(1.) THIS is a reference under S. 256(1) of the IT Act, 1961, (hereinafter referred to as the Act). The assessee is an individual and the relevant assessment year was 1962 63, the " previous year "being the calendar year ending on 31st Dec., 1961. The assessee derived income from various sources, viz., interest on securities, dividends and share of profits of two partnership firms. These two firms were Dhirajlal Khushaldas & Brothers and Dhirajlal Chunilal & Co. We are concerned in the present reference with the firm of Dhirajlal Khushaldas & Bros. The assessee owned a car and in his individual assessment he claimed 50 per cent of his running expenses and 50 per cent of the depreciation, aggregating to Rs. 6,024, as deductible expenditure contending that the motor car was used by him for the discharge of his duties as a partner in the partnership concern of Dhirajlal Khushaldas & Bros. This claim of Rs. 6,024 was disallowed by the ITO, firstly, on the ground that though there was a provision for deduction of interest from such income of share of profits in a partnership firm, under S. 67(3) of the Act, there was no such provision for other expenses ; and the second ground was that, whatever expenditure pertained to the business carried on by the firm, was properly debitable to the account of the firm and not to the assessment of the income of the partners. Against the decision of the ITO, there was an appeal by the assessee ; and the AAC upheld the disallowance of these motor car expenses on the ground that there was no clause in the partnership deed enjoining the assessee to maintain a car for the business of the firm and in the absence of such a clause, commercial expediency of the conveyance expenditure could not be said to have been made out. The assessee took the matter in further appeal to the Tribunal and the Tribunal upheld the orders passed by the authorities below on the ground that the terms of the instrument of partnership did not fasten upon the assessee any liability of incurring expenses claimed so that he should be in a position to earn his share of profit. The Tribunal further observed that if any conveyance charges were incurred for the purpose of the business of the firm in which the assessee was a partner, they would be an admissible charge against the income of the firm ; and that it was not open to a partner in a firm to claim any deduction which would have been claimed by the firm.
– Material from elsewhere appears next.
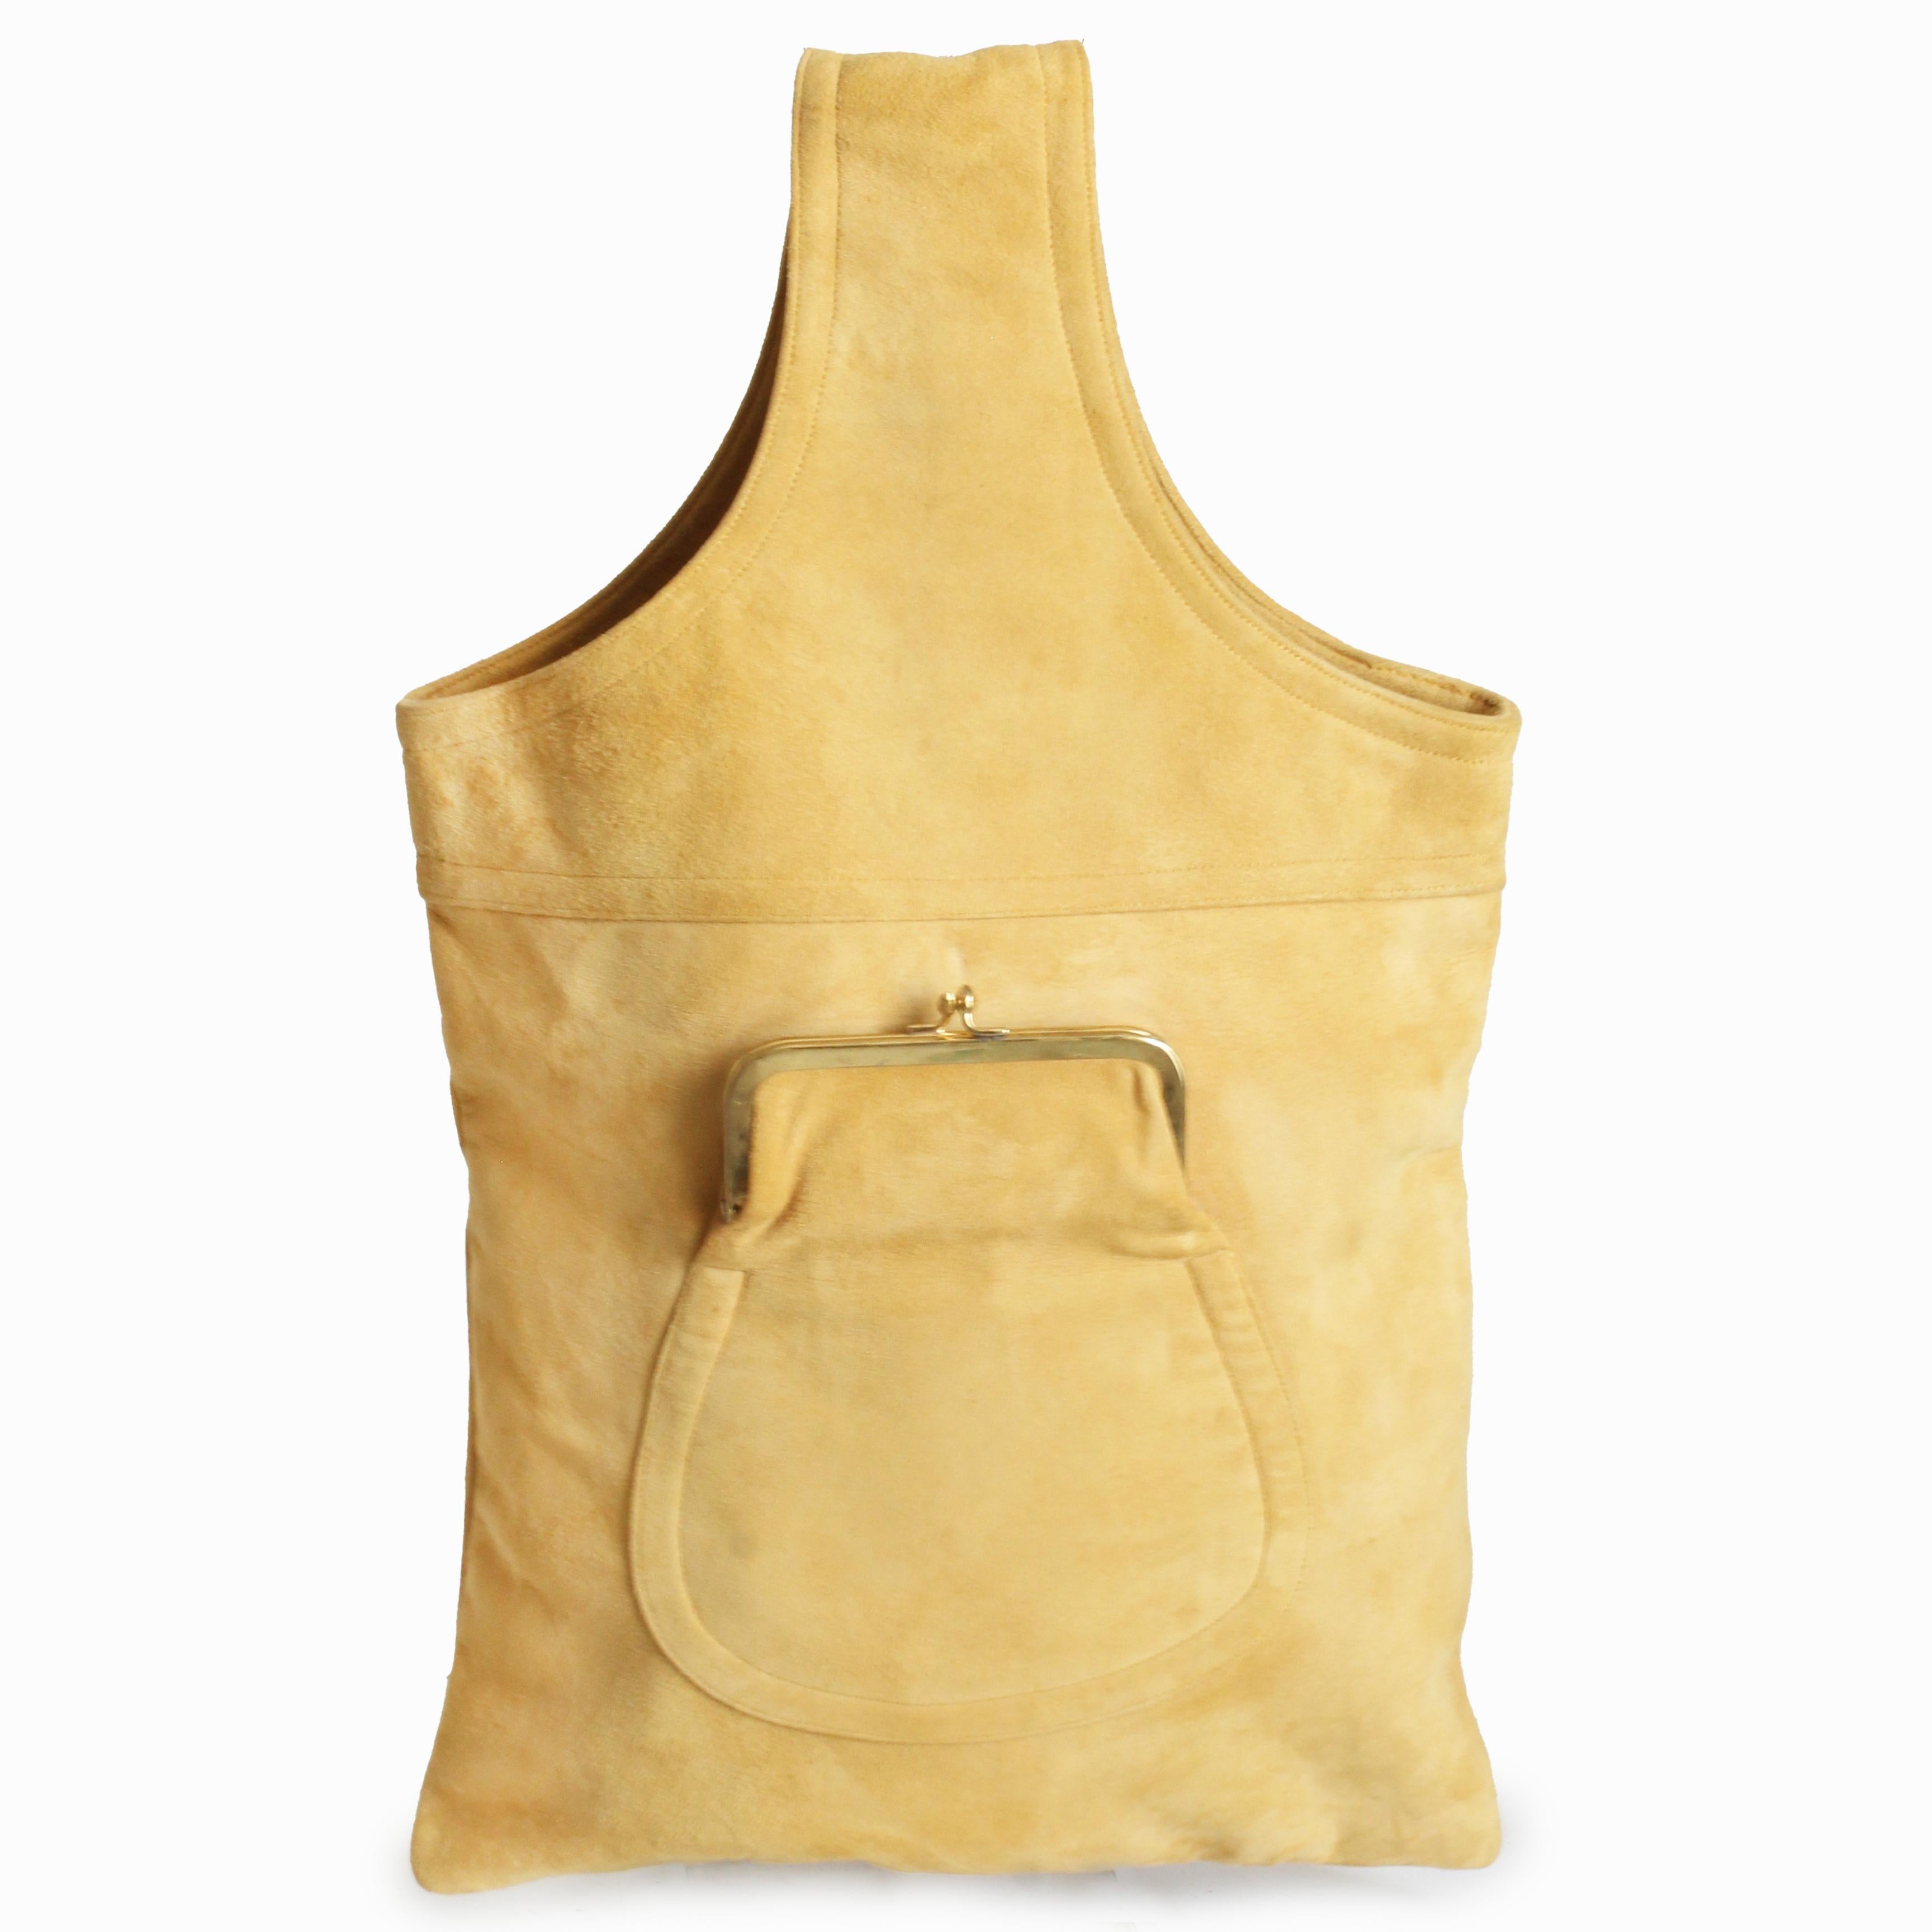 Preowned, vintage Bonnie Cashin sling bag, from her 'Cashin Carry' collection of handbags and accessories, likely made in the 1960s.  Made from a supple butter creme hued suede, this fabulous tote bag features a kiss lock coin pocket in front that's

(2.) THEREAFTER , at the instance of the assessee, the following question has been referred by the Tribunal to this Court under S. 256(1) of the Act, viz. :
(3.) UNDER S. 37 of the Act, any expenditure not being expenditure of the nature described in S. 30 to 36 and not being in the nature of capital expenditure or personal expenses of the assessee, laid out or expended wholly and exclusively for the purposes of the business or profession shall be allowed in computing the income chargeable under the head " Profits and gains of business or profession ". This provision in the Act of 1961 is the same as the provision set out in S. 10 (2)(xv) of the Act of 1922, and the decisions on S. 10(2)(xv) of the 1922 Act have a direct bearing on the interpretation of S. 37(1) of the Act.